Sparse Soft Decision Trees and Kernel Logistic Regression: Optimization Models and Algorithms
摘要
Machine learning models have achieved remarkable results across domains such as healthcare, finance, and natural language processing. However, their adoption in sensitive applications often requires interpretable models, where sparsity can enhance both interpretability and generalization. We investigate and improve soft decision trees for classification and regression, which are interpretable models, and kernel logistic regression for binary classification. Contributions include new model variants, sparsification methods, theoretical properties, and decomposition-based training algorithms.
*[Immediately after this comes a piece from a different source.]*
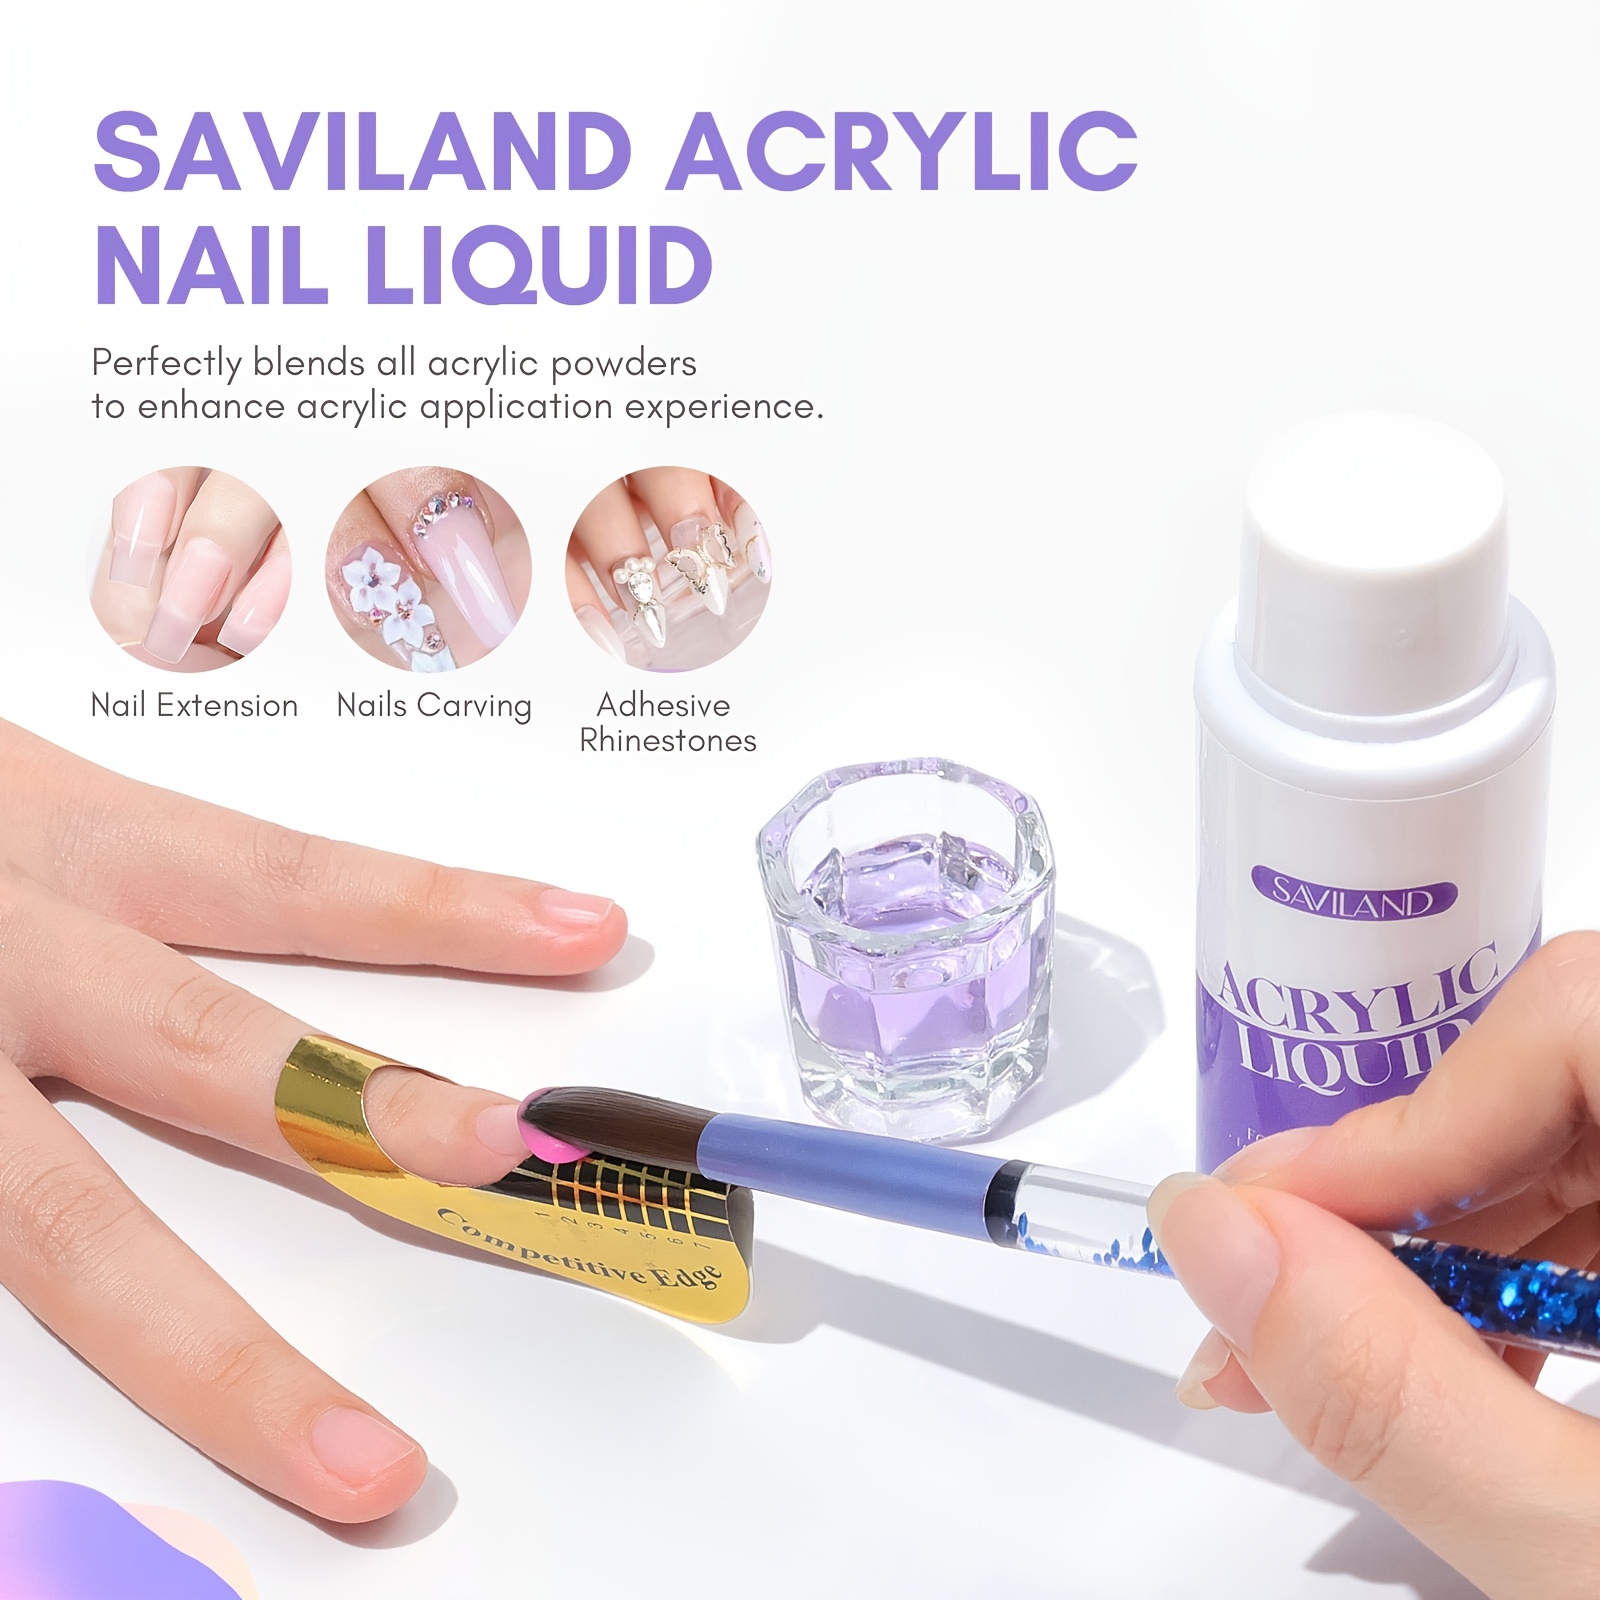 Saviland Acrylic Nail Brush Size 8 - Nail Brushes For Acrylic Application  With Acrylic Powder And Liquid Nail Supplies Acrylic Brushes For Nails  Extension & Carving Home DIY

For soft classification trees, we propose \(\ell _0\) -based sparsification methods that are more effective in promoting both local and global sparsity compared to the previously proposed \(\ell _1\) and \(\ell _\infty \) regularizations. For soft regression trees, we present a model variant where, for each input vector, the prediction is given by the linear regression associated with a single leaf node. We design a nonlinear optimization formulation amenable to decomposition and develop a convergent node-based algorithm that includes a heuristic for rerouting input vectors. Concerning kernel logistic regression, we develop a sparsity-inducing formulation for binary classification and design a convergent second-order sequential minimal optimization algorithm that achieves a good balance between sparsity and accuracy, while maintaining informative probabilistic outputs.